Akiror Kevina was a seven-month-old baby living with sickle cell disease from Odokurun village in Amuria District.
She suffered anaemia, which is one of the challenges caused by sickle cell disease during the Covid-19 lockdown.
As a result, her parents couldn’t take her to hospital for blood transfusion. By the time the ban on public transport was eased, she had graduated to acute anaemia.
On Monday last week, Akiror was rushed to Katakwi Hospital where she had been attending the sickle cell clinic before the lockdown.
Due to her deteriorating health condition, she was referred to Soroti Regional Referral Hospital. Unfortunately, she passed on in the ambulance at Katakwi Hospital. Her parents lost their daughter who was the third child in the family to die due to sickle cell-related complications.
As Uganda joins the rest of the world today to mark the World Sickle Cell Day, it should be known that Covid-19 has impacted on people living with sickle cell. There are many people who cannot access the required treatment or get drug refills.

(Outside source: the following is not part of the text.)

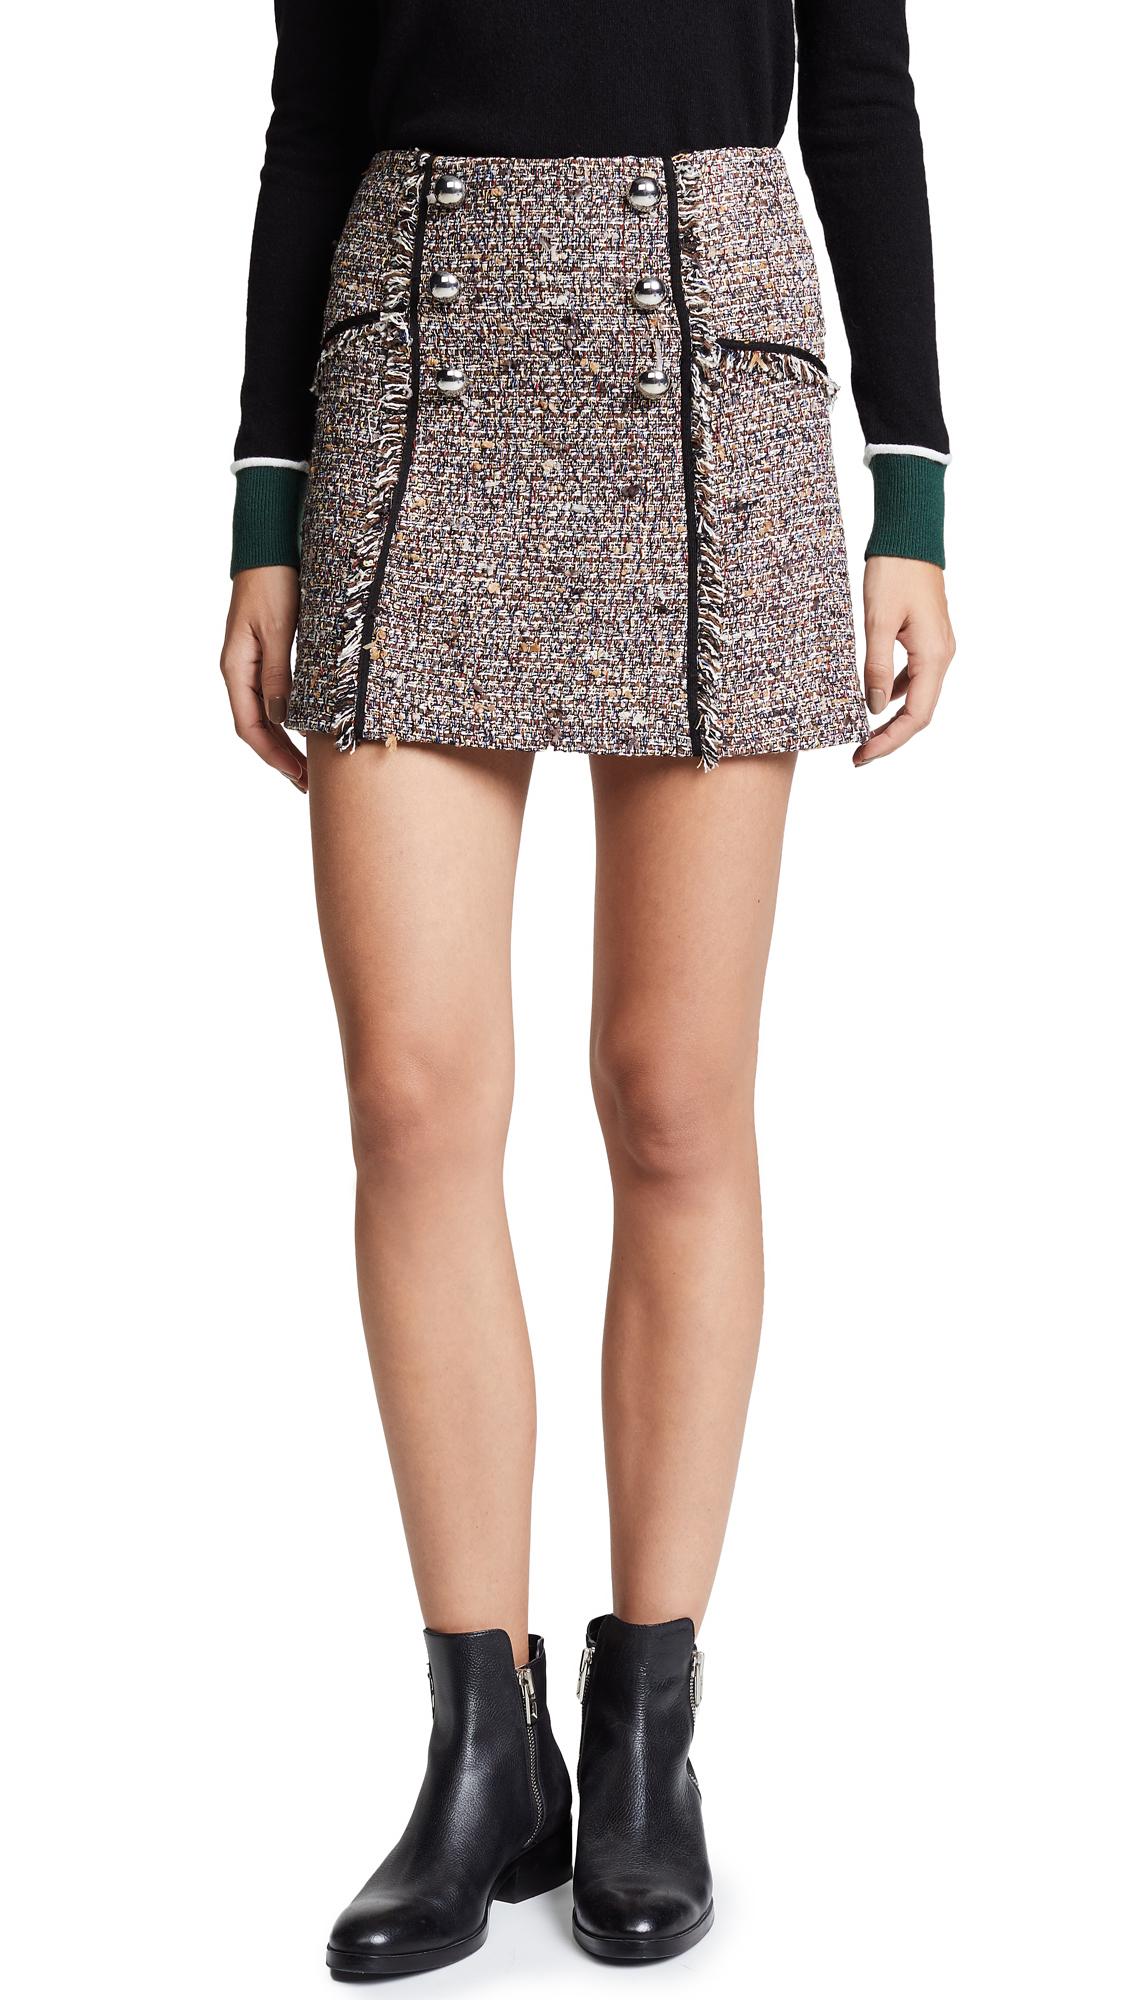 Veronica Beard Starck Skirt - Brown Multi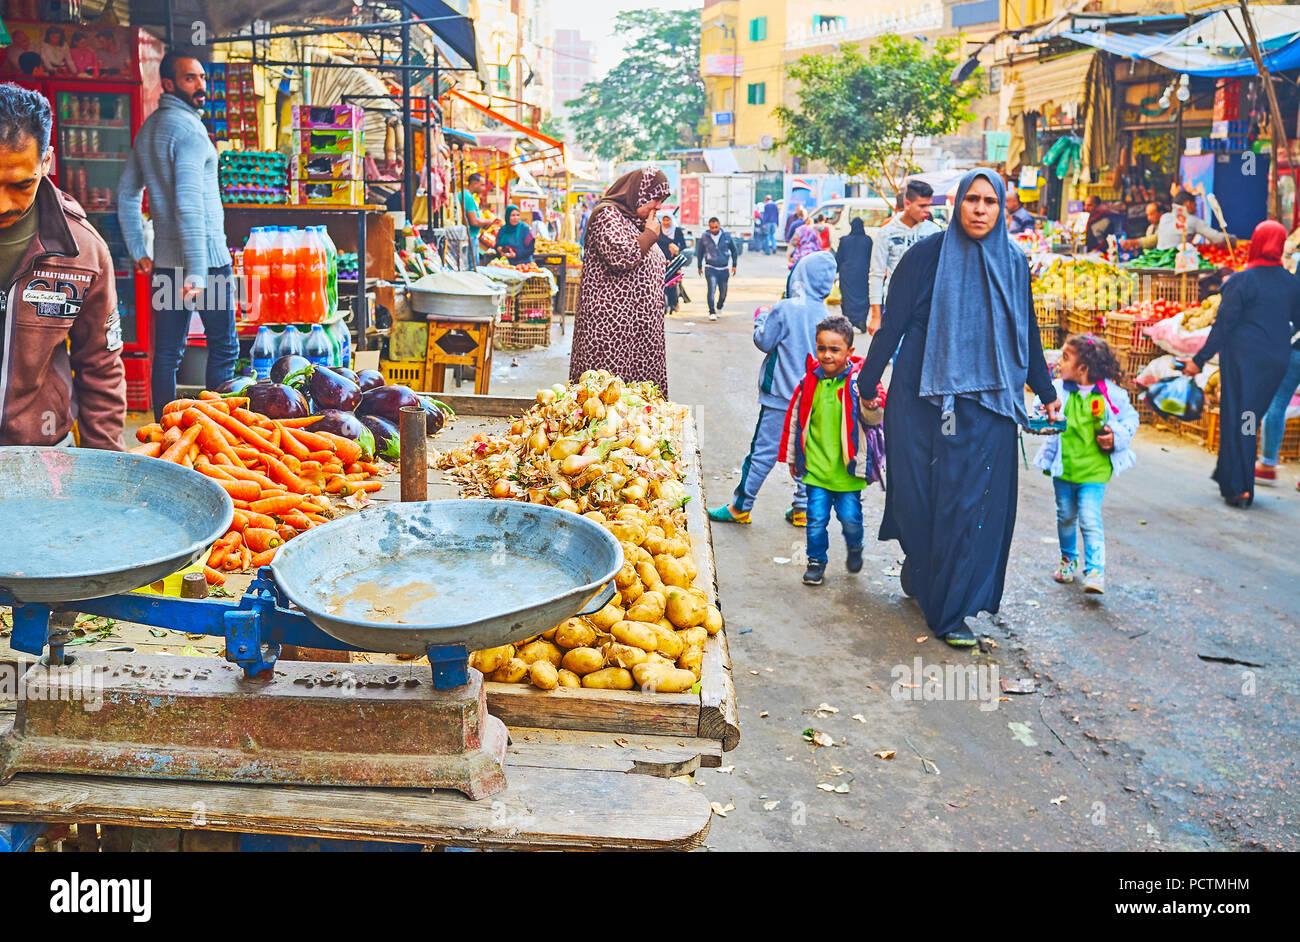 ALEXANDRIA, EGYPT - DECEMBER 18, 2017: The local families

Akiror’s story is not any different from that of Barasa in Busia District who used to receive treatment from Tanaka Hospital in Busia, Kenya. Since the Covid-related disruptions at Uganda-Kenya border, he has not been to hospital, which has resulted in deteriorating health.
During this period of Covid-19 pandemic, people living with sickle cell are at high risk of being infected by coronavirus as they are more likely to get the virus.
We call upon people living with sickle cell and their families to adhere to the Covid-19 guidelines issued by the Health ministry in order to stay safe. The fear of getting a painful crisis and failing to access the health facility sends many into panic. This anxiety, stress and pain all have to be managed so as to keep you out of hospital.
Before Covid-19, outbreak, Uganda had registered progress in sickle cell awareness, treatment, research and diagnosis. So if nothing is done salvage the situation today, we may lose the gains we have made.
Therefore, it is high time we drew a sickle cell marshall plan to consolidate the achievements we have made. According to Uganda Sickle Cell Survey of 2015, at least 0.78 per cent of Ugandans have sickle cell disease. World Health Organisation predicts that if nothing is done, the number of people living with sickle cell will rise.
A sickle cell marshall plan should prioritise access to medical services for people living with the disease. This will require that there is sickle cell clinics in all public health facilities. During lockdown period, many patients could not travel to sickle cell clinics and gravely impacted their lives.
Besides, a marshal plan should focus on building community awareness and empowerment as foundations for working on challenges affecting each community. Research should be a major component of the plan to help people living with sickle cell to stay healthy during and after the lockdown.